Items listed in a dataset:
===
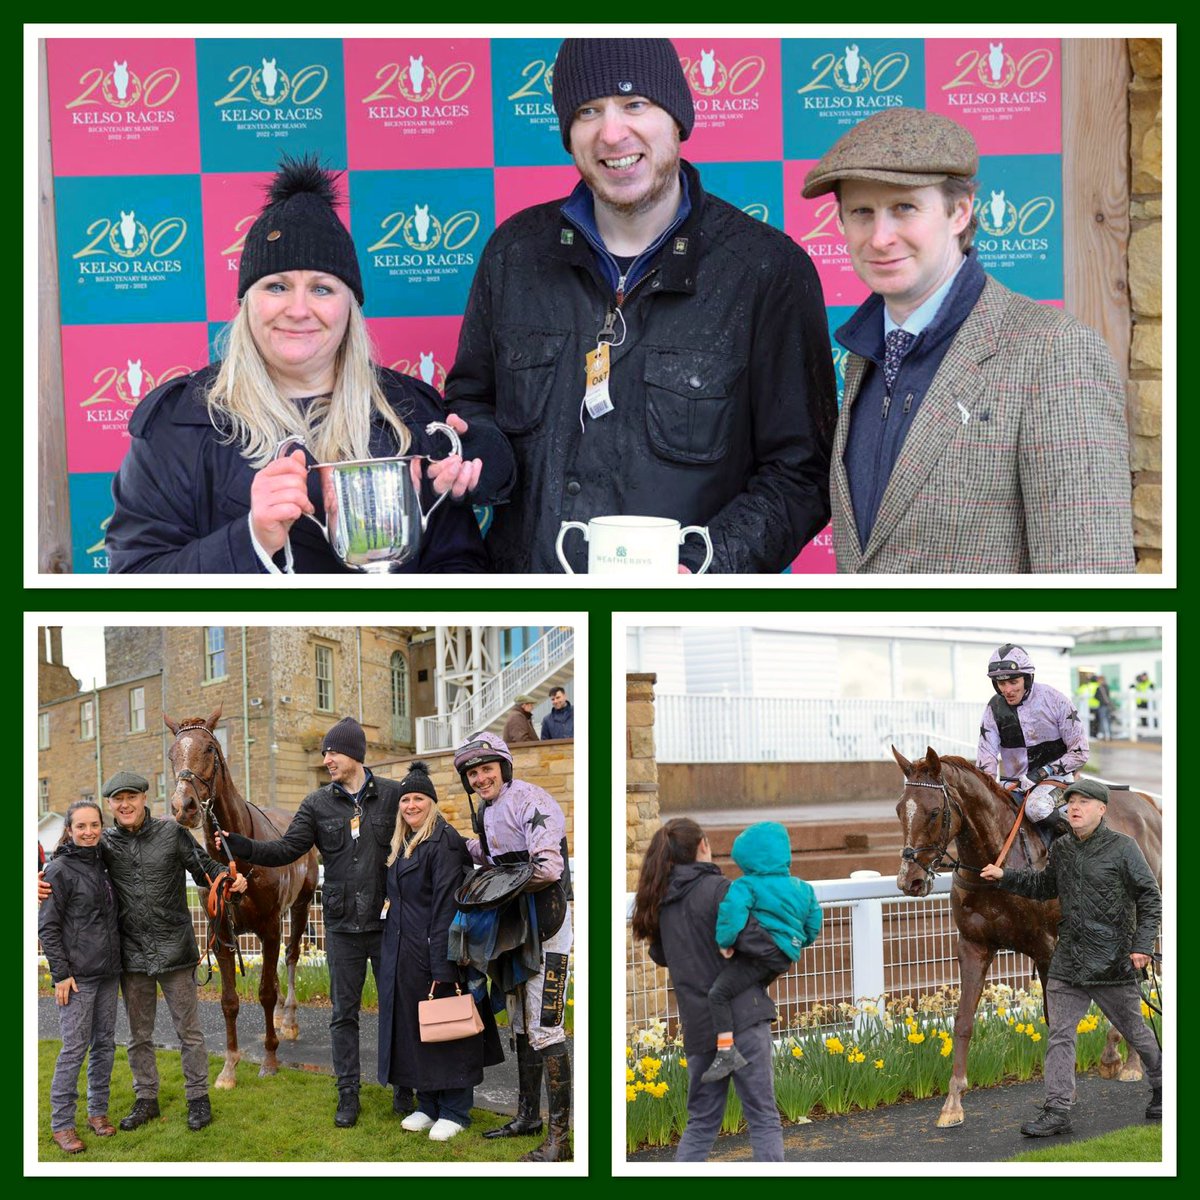 Soldier Of Rock under Joe Wright ran out an easy 15 length winner of the Weatherbys Hamilton Buccleuch Cup @KelsoRacecourse. Congratulations to Joe along with the Gold And Silver Club & Courtney Tinkler. James Innes from the WH Edinburgh Office was on hand to present the trophy.
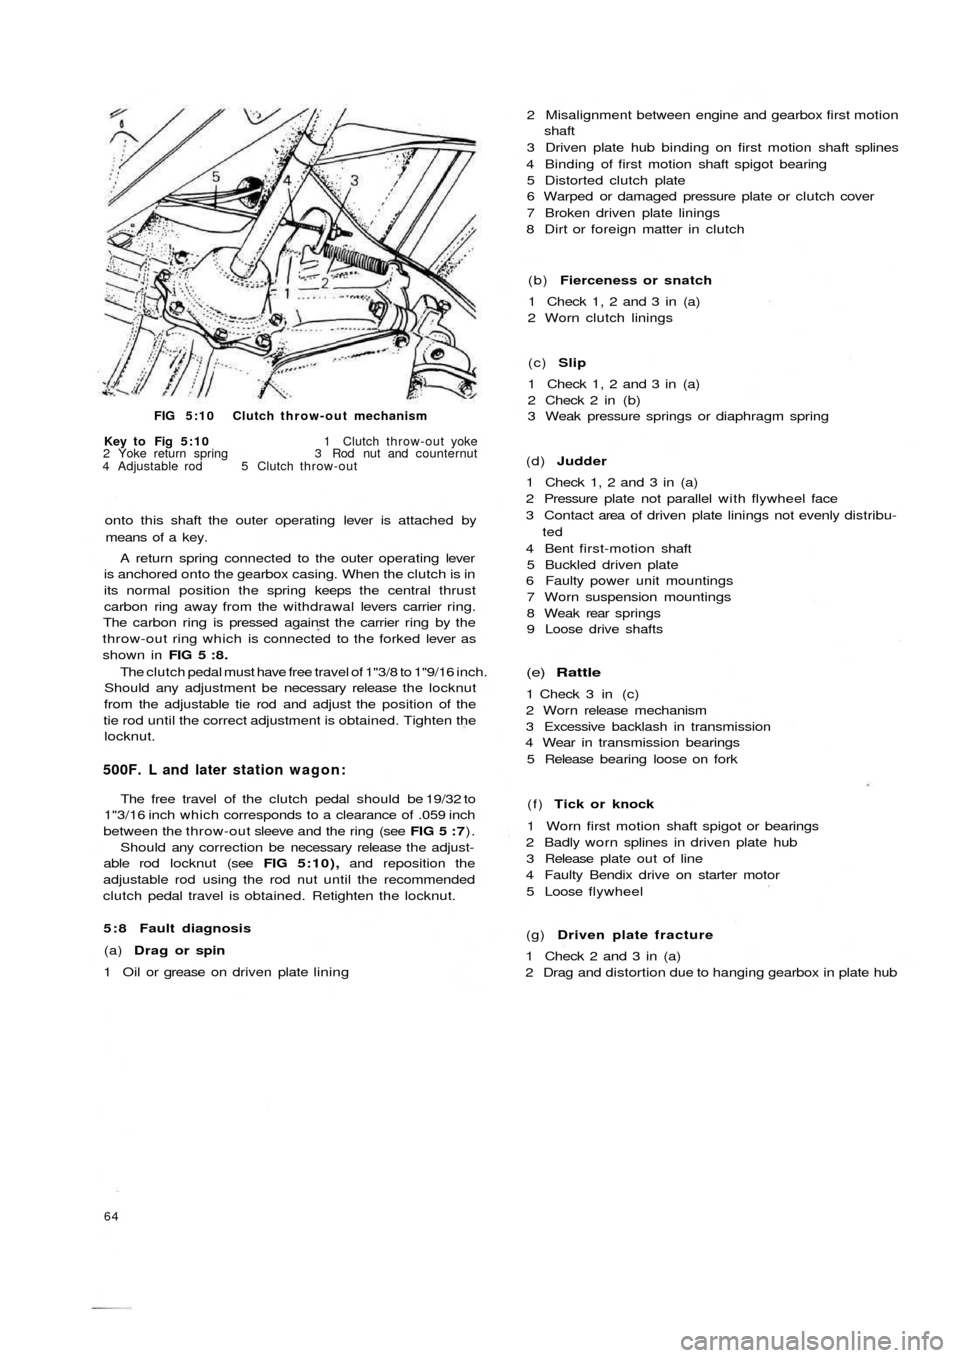 FIAT 500 1965 1.G Workshop Manual FIG 5:10 Clutch throw-out mechanism
Key to  Fig  5:10 1 Clutch throw-out yoke
2 Yoke return spring 3 Rod nut and counternut
4 Adjustable rod  5  Clutch throw-out
onto this shaft the outer operating le
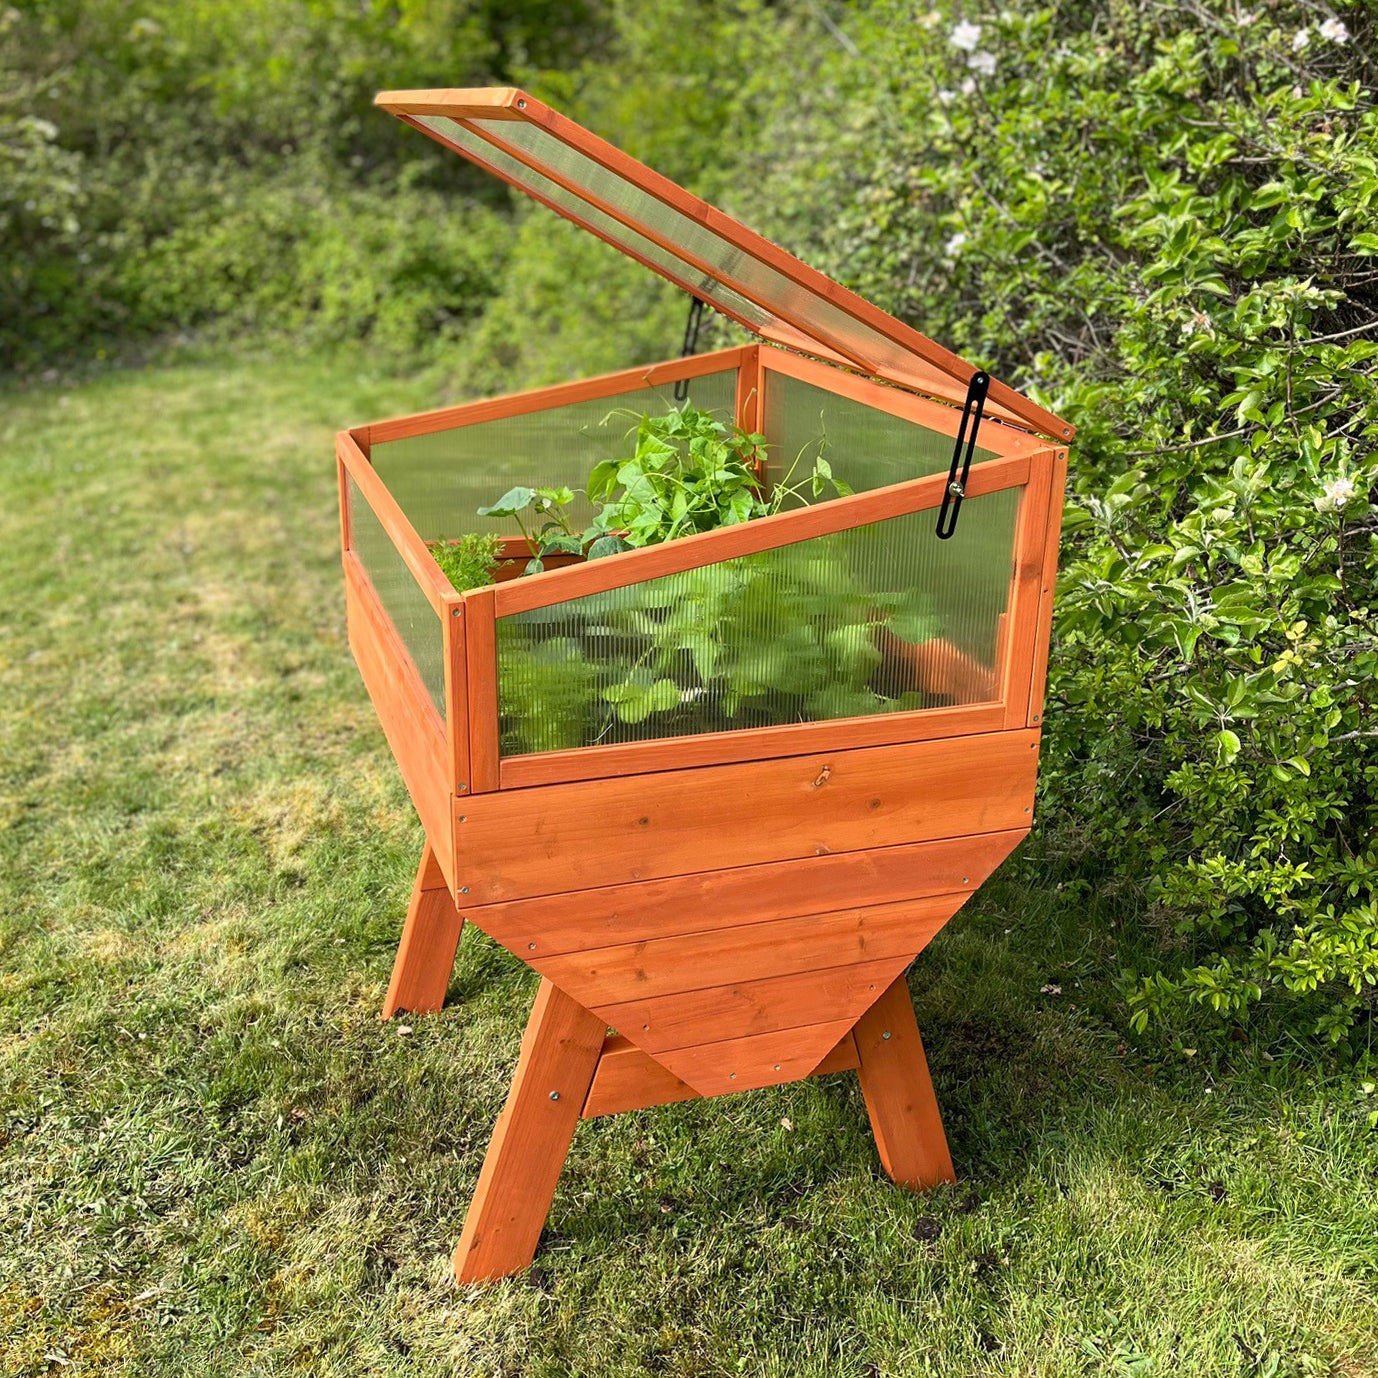 Veg-Trough Medium Wooden Raised Vegetable Bed Planter with Polycarbonate Cold Frame
===
**Problem requirements**
Restate the preceding entries in full, word for word, with the pictures removed.

**Expected output**
 Soldier Of Rock under Joe Wright ran out an easy 15 length winner of the Weatherbys Hamilton Buccleuch Cup @KelsoRacecourse. Congratulations to Joe along with the Gold And Silver Club & Courtney Tinkler. James Innes from the WH Edinburgh Office was on hand to present the trophy.
 FIAT 500 1965 1.G Workshop Manual FIG 5:10 Clutch throw-out mechanism
Key to  Fig  5:10 1 Clutch throw-out yoke
2 Yoke return spring 3 Rod nut and counternut
4 Adjustable rod  5  Clutch throw-out
onto this shaft the outer operating le
 Veg-Trough Medium Wooden Raised Vegetable Bed Planter with Polycarbonate Cold Frame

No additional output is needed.